Thetas have an extra option minsites
. This refers to the number of sites a
window must have data from to be included in the global theta estimates and the
distribution plots generated for the report. Since global FST estimation is
made by ANGSD, and we only plot that for the report, not the windows, it is not
needed for the pipeline. The window output from ANGSD remains unaltered for
both, this setting is just for the reporting by the pipeline.
What about polarizing to ancestral states?
By default, we are assuming no ancestral states are available, but if you have them in a reference included in your config, you might want to make an additional change in your config to keep the SFS unfolded:
config/config.yaml | |
---|---|
175 176 177 |
|
One last thing for this section, since we are enabling heterozygosity, we also need to look at how many bootstrap replicates we will do for the SFS. These will be used to calculate confidence intervals for the estimates. This can be found in the realSFS section of the config:
config/config.yaml | |
---|---|
175 176 177 |
|
While for this you might want a high number (like 300) for the real data to get good confidence intervals, we will lower it to 50 here, just to make this run a bit faster. Note that currently confidence interval estimation for heterozygosity shares a configuration with bootstrap count for 1D and 2D SFS. Configuring each of these individually can be relatively simply separated out, so please request if desired and I will implement it.
All right, now lets run it again, this time, quite a few analyses will process in parallel. Once done, we can make a report (example here) and you'll find a few new sections: '04.1 Watterson's Theta', '04.2 Nucleotide Diversity (Pi)', '04.3 Tajima's D', '04.4 Heterozygosity', and '05 Fst'. For the first three, you will get violin plots illustrating the distribution of windowed estimates for the given metric in each population:
As we can see, the general distributions of nucleotide diversity and Watterson's theta are lower in the modern populations than the historical, in line with a decline in genetic diversity. We also see that genome-wide estimates of Tajima's D are higher in modern populations, suggesting they've been going through a population bottleneck as rare variants are becoming less common compared to common ones. Note that the general estimates of Tajima's D are negative for all populations, which indicates a population expansion. However, this is expected for many populations in northern Europe, which expanded out of glacial refugia. This highlights how absolute estimates can be misleading, and proper baselines must be used to create context, such as the historical populations we use here.

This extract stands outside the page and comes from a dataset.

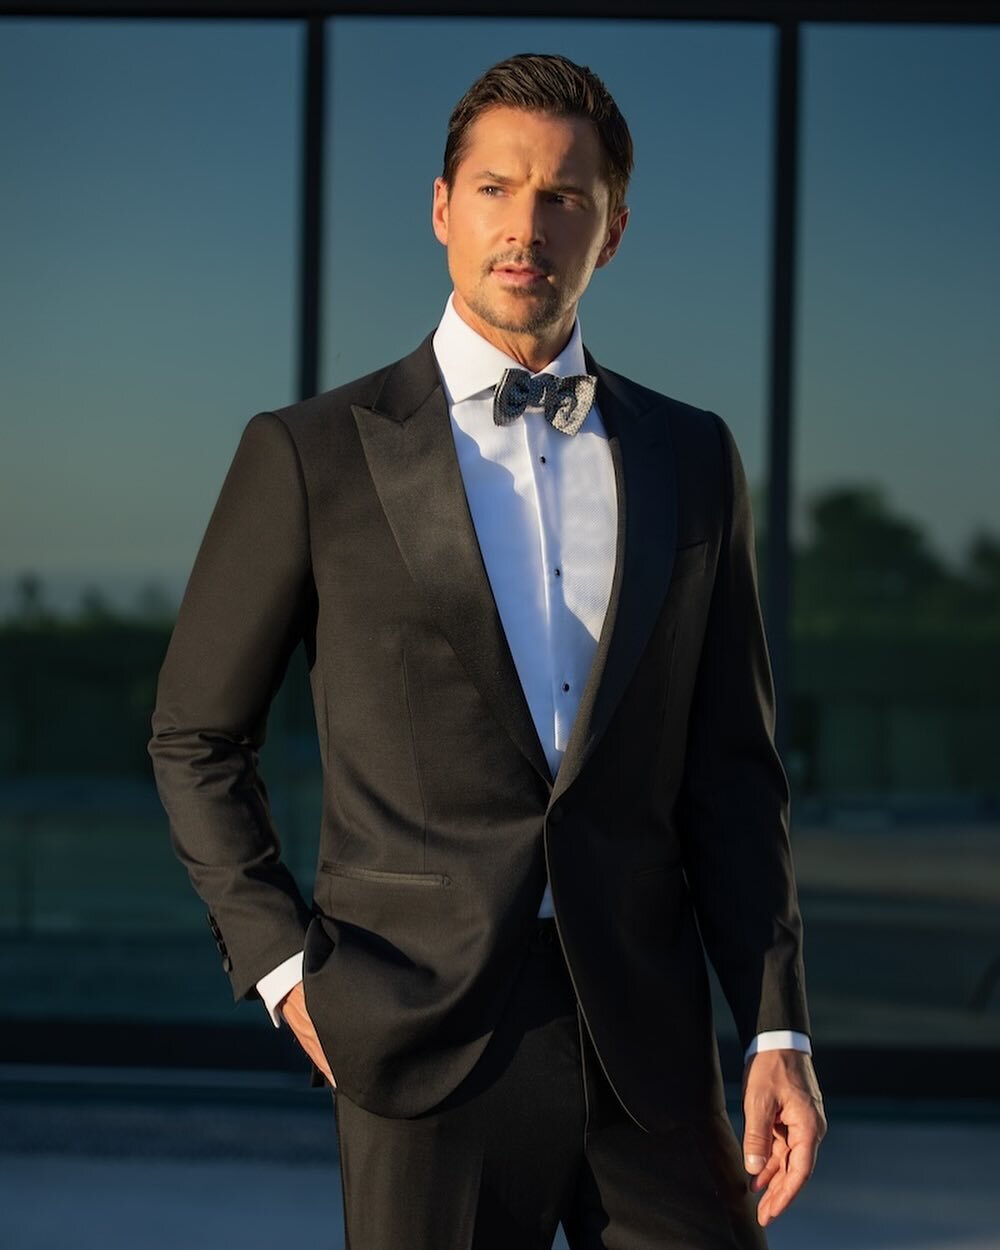 Introducing elegance at its finest: our 1-button peak lapel black tuxedo. A timeless classic that exudes confidence and sophistication. Whether it&rsquo;s a gala, wedding, or a special occasion, this impeccable attire will make you stand out from the

In addition to the violin plots, you'll get a table for each metric with the mean for each population along with 95% confidence intervals estimated from 1000 bootstrap estimates of the mean, resampling windows with replacement:
Under '04.4 Heterozygosity', we will find some similar files. There will be a table with heterozygosity estimates with confidence intervals for each individual, this time estimating the intervals from the bootstrapped SFS. Two plots are made for heterozygosity - a boxplot of the estimates grouped by population and a plot showing individual estimates with confidence intervals:
Finally, under '05 Fst', we will have one plot, a heat map of global FST estimates between all population pairs. This plots the weighted FST estimate produced by ANGSD:
Note that the optimization approach used by ANGSD can sometimes produce FST estimates below zero, but these are a methodological artifact and should be considered equivalent to zero. With that in mind, we can see that the FST between the historical populations is lower than between the modern, suggesting that populations have become more differentiated over the time period. This may be simply because they already were isolated and drift has progressed over the period, or even sped up due to the smaller population sizes. It can also mean that gene flow has become reduced. This possibility is especially likely given our clustering analyses and complete lack of differentiation in historical populations, suggesting that they were well connected in the past.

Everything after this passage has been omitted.